About the time I realized what it was and began to open my mouth to rebuke it, it was gone.
Because I couldn’t make sense of it, I blew it off. Forgot about it.. at least until a few months down the road when I uncovered the truth and we were in the middle of divorcing. Then it all made sense.
I remembered thinking to myself when we were at the worst of our fighting that for the first time in our 8 year relationship, I didn’t recognize this woman. It was like she was a different person suddenly. My gut said that there was a demon that had a hold of her, but my flesh said “that’s silly” and convinced me to forget that crazy idea. No, my gut was actually right. I didn’t put it all together until months later.
That shit is real, man.
In hindsight, I learned that God had allowed me to see what was going on. What I should have been doing was praying against this spirit once I was made known of its existence.. and probably questioning my wife, which would have freaked her out and possibly forced her to deal with her demons. We’d have gotten divorced anyhow I’m sure, because I won’t be with a woman I can’t trust anyhow. But some other things could have been different maybe. For all I know, I was being alerted to what “was to come” to give me the chance to head it off? I don’t know. Even if so, it would have meant that, again, I’m with a woman who is so lacking in moral character that she has it within her to do such a thing in the first place. So I’m not really sure what might have been different had I reacted differently, but I learned a lesson: listen to my gut (which some say is really just the Holy Spirit talking to you).

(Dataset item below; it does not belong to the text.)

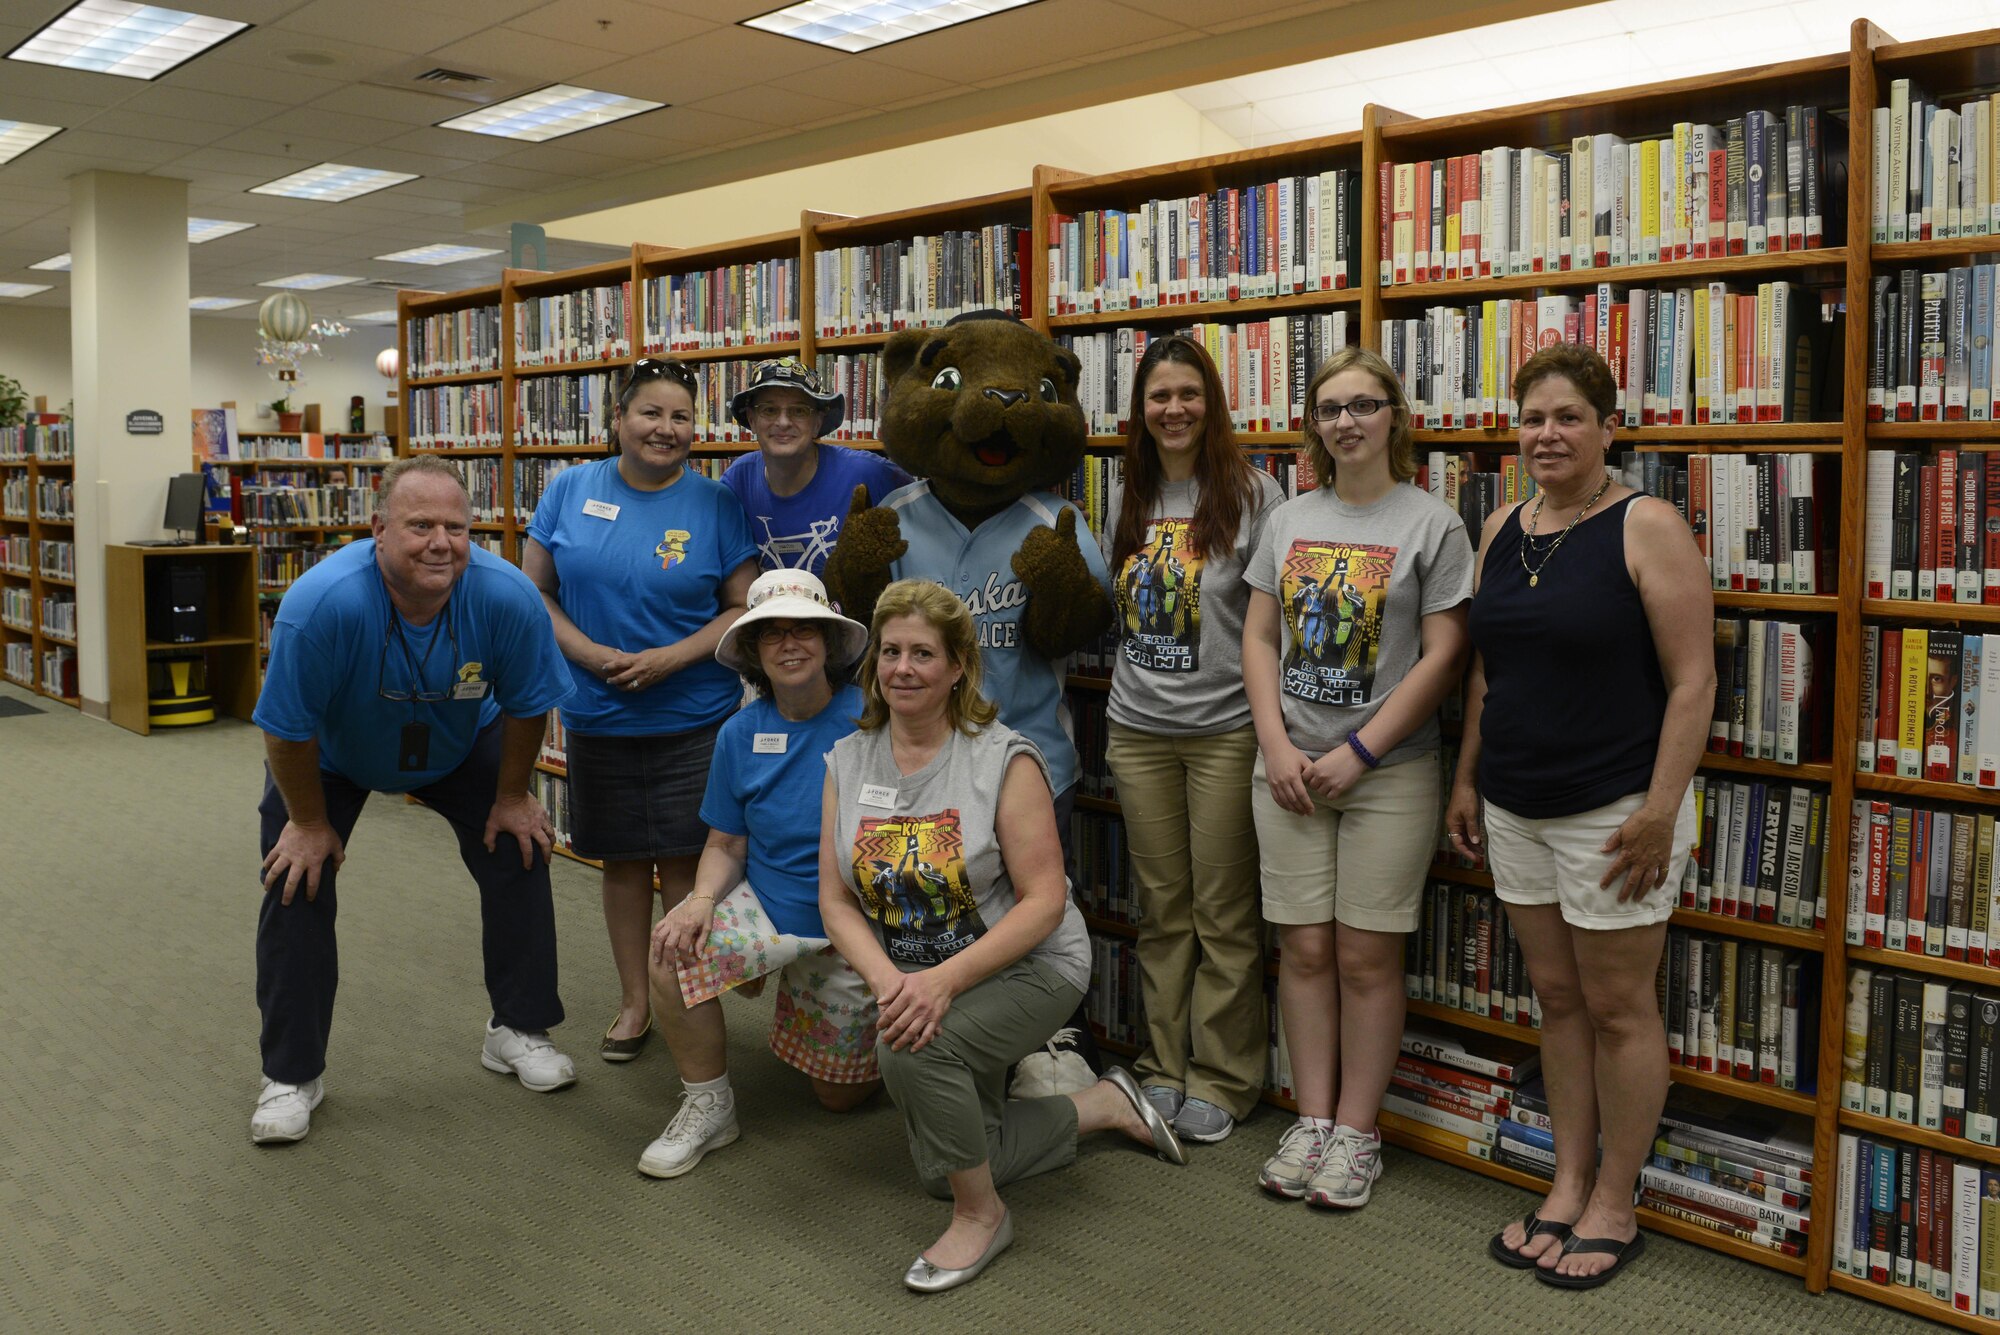 Joint Base Elmendorf-Richardson Library staff gather with Kodi from the Alaska Aces at the JBER Library, June 16, 2016. The program’s theme this year is sports and will give the JBER community the opportunity to collect prizes for time spent reading. (U.S. Air Force photo by Airman 1st Class Valerie Monroy)

It turns out that I’m engaged to a much hotter and all around better woman now anyhow, so try as they might to take me down, they actually ended up making my life better.
As the word says “God works all things out for good for those who love him.”
All things. Yes, even that shit, which was traumatic AF.
I learned a lot through it all. I’m definitely a better man for my woman now than I ever was for my ex. And like I said, I got a better woman. I’ve also more than doubled my income. And most importantly, I learned something about spiritual warfare, even though it was a painful lesson.
But yes, it was a lesson learned. Anymore when I get an inkling of demonic activity, I attack.
I guess you should have slept in the master bedroom after all.